The ACSI numbers are based on more than 14,000 customer surveys conducted during the first quarter of 2015. Among subscription TV companies, Comcast and Time Warner both saw huge declines in satisfaction scores, with Comcast dropping 10% for a score of 54 and Time Warner falling 9% for a score of 51, tying with Mediacom Communications (which serves smaller markets in the South and Midwest) as the least satisfying company on the Index. 



While other companies saw slight increases in their scores (+4% to 71, for Verizon’s FiOS; +5% to 63 for Charter Communications), the sector’s overall scores are the result of a dearth of realistic competition in the market. 

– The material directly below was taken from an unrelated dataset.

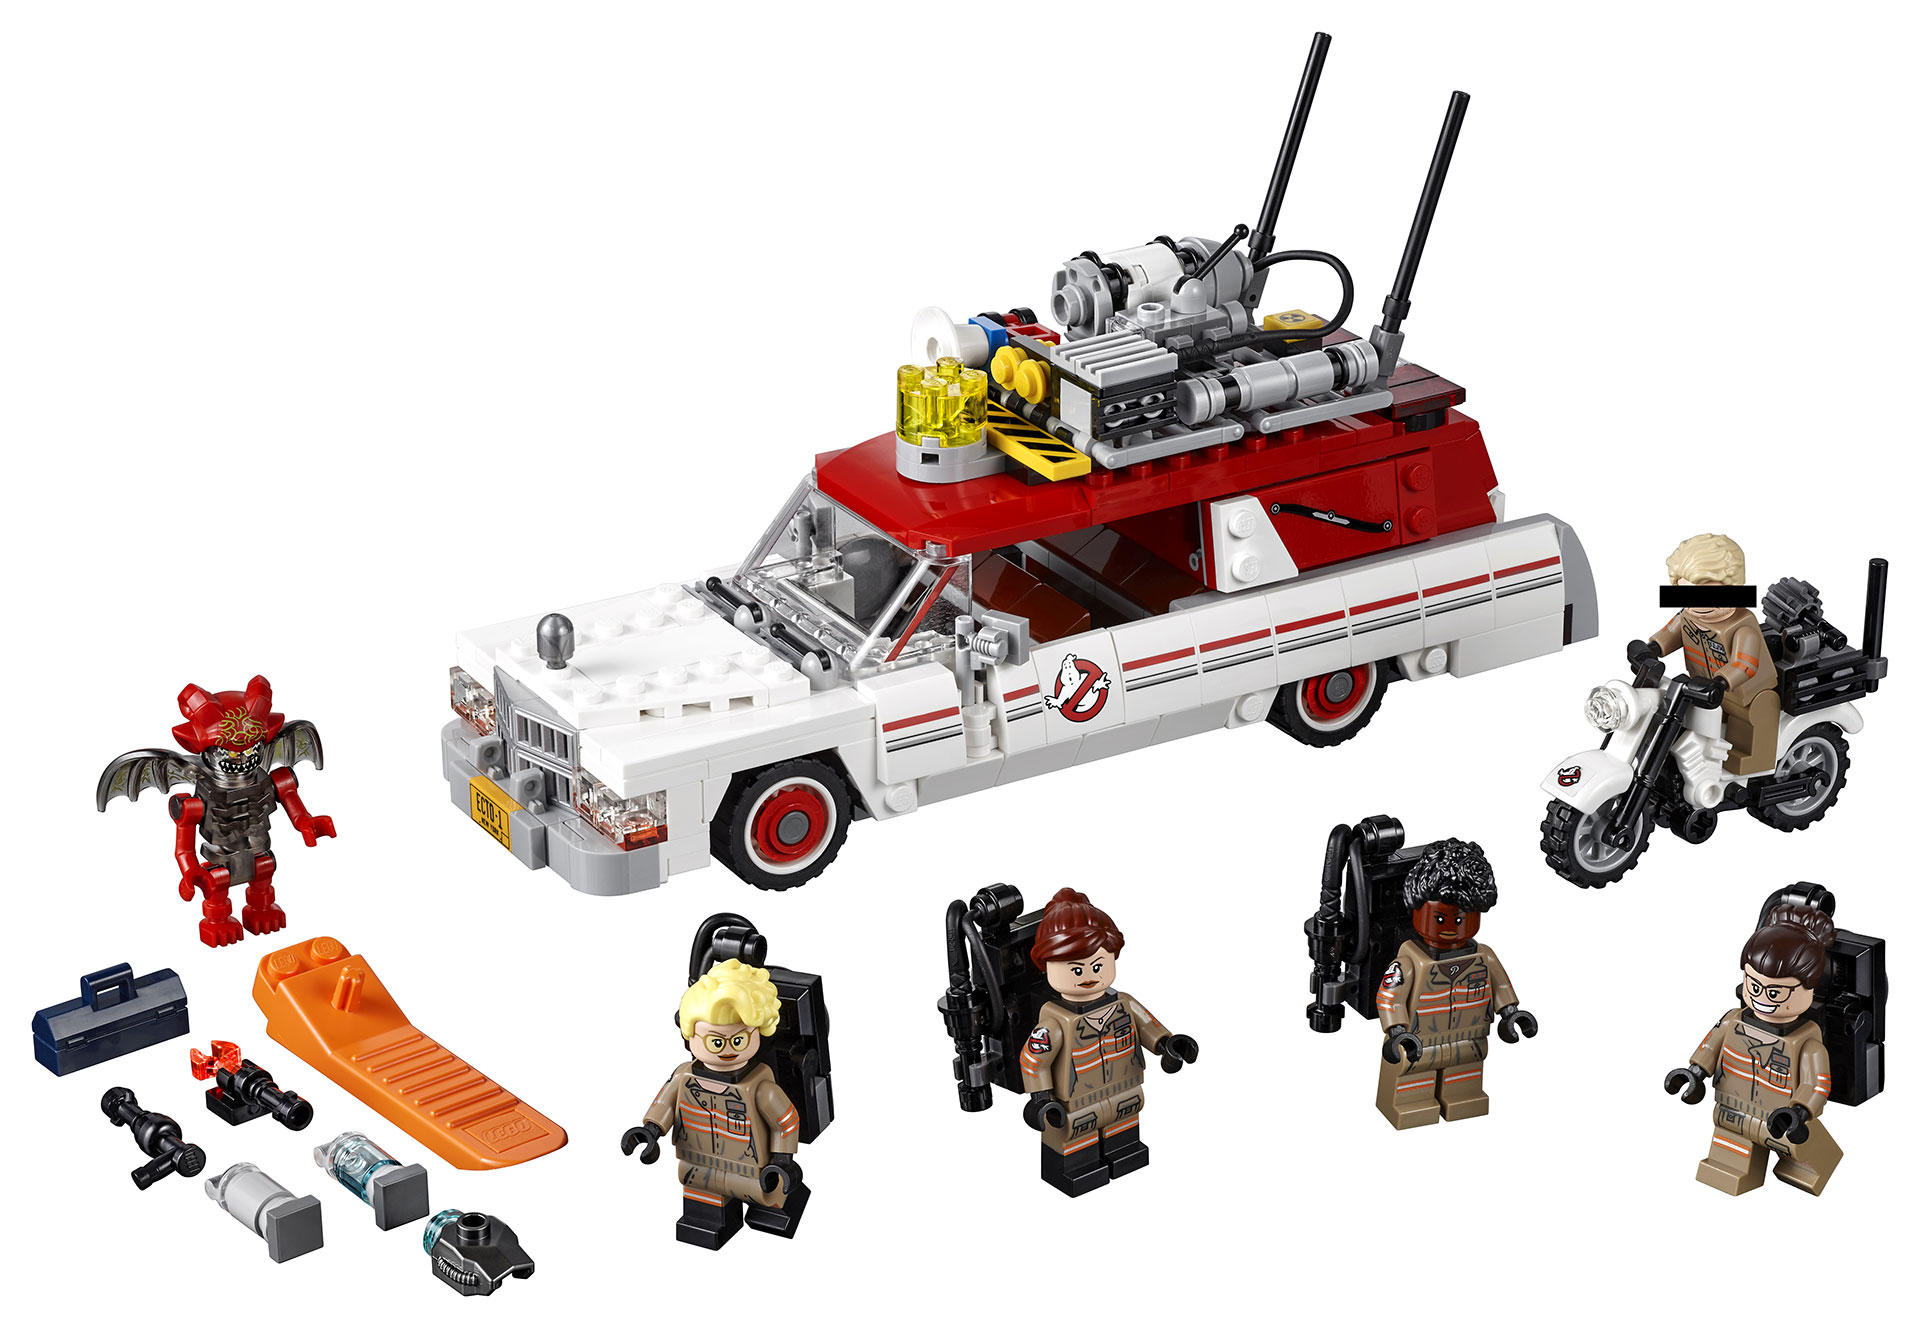 The New Ghostbusters (And Kevin) Get The LEGO Treatment
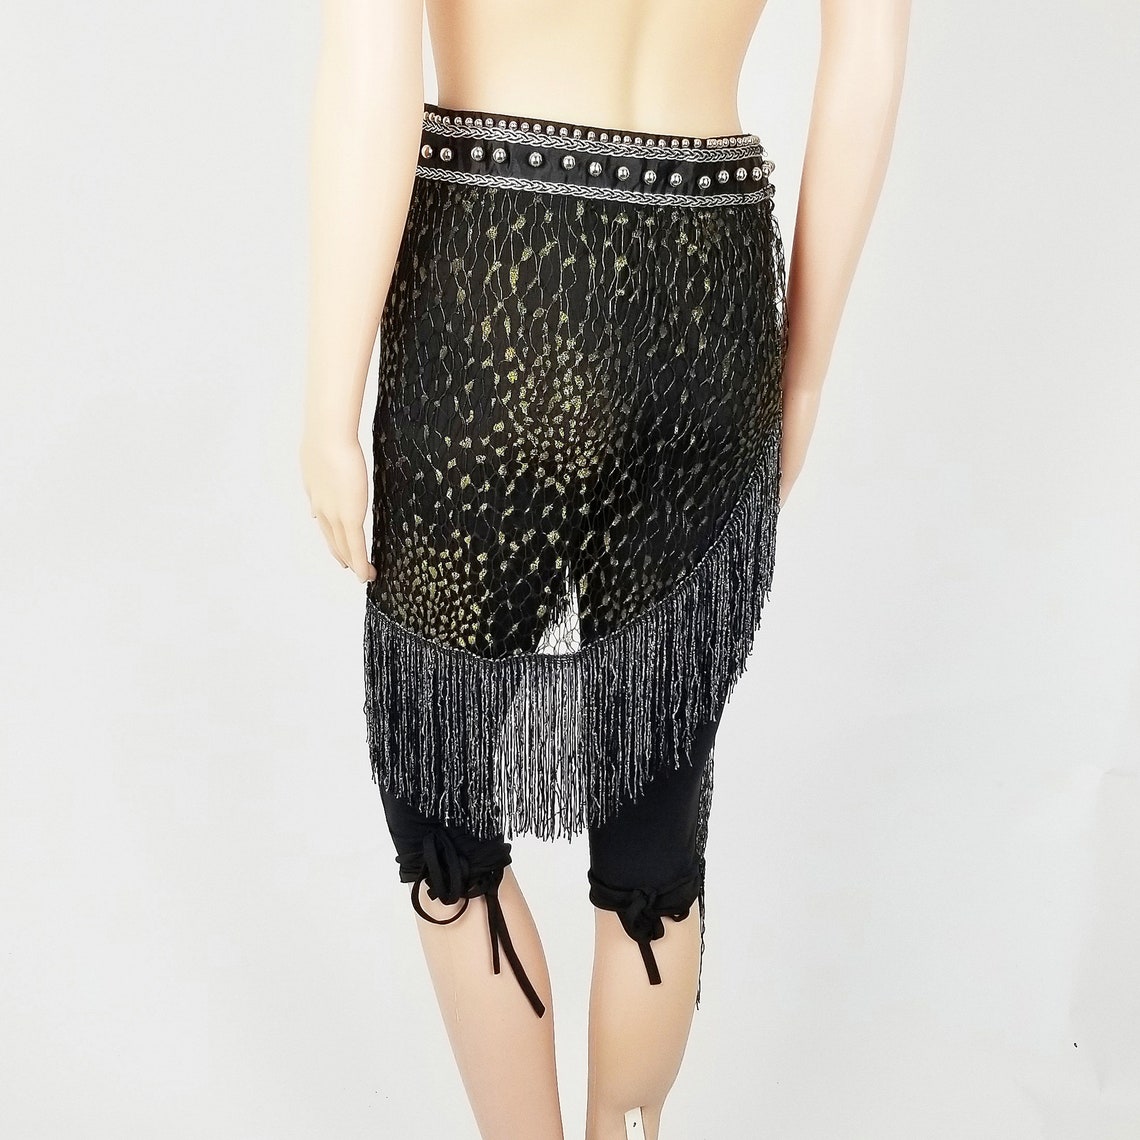 Tribal Mesh Wrap With Metallic Studs Belly Dance Hip Scarf - Etsy

“For the most part, it’s the same cast of characters across these services,” VanAmburg says. “If we can see other providers really taking hold in the space — something that would make the landscape more competitive — we would see higher satisfaction.”

That same lack of competition is also leading to higher dissatisfaction rates among Internet service providers — many of whom also provide subscription TV services — as well. A majority (61%) of U.S. households have no or only one high-speed ISP in their region, leaving them with few options. Overall customer satisfaction with ISPs remains unchanged at 63 over the past year (tied with subscription TV for lowest scores). 

While AT&T’s Uverse improved its ACSI score to 69 (up 6%) and Time Warner increased 7% to 58, the scores are still low compared with other industries, and there’s little on the horizon that will cause them to improve. 

“As long as the competitions is non-existent to sluggish, it’s going to remain the same,” VanAmburg says. “There’s little to compel these companies to bend over backwards for the customer.”

Elsewhere in the technology world, customer satisfaction remains strong, with an index score of 78, unchanged from last year, and still the highest or the industry. That strength comes form the continued adoption of smartphones, which have higher overall satisfaction rates than feature phones. 

Apple and Samsung are neck-and-neck with their respective ACSI scores of 80, with Apple increasing 1% and Samsung decreasing the same amount. Motorola Mobility’s scores pushed up 3% to 79, but overall the category remains a two-horse race for the foreseeable future, VanAmburg says. 

“A few years ago, it was Apple and nobody else. But then Samsung emerged,” VanAmburg says. “But for the time being its really a battle among those two.”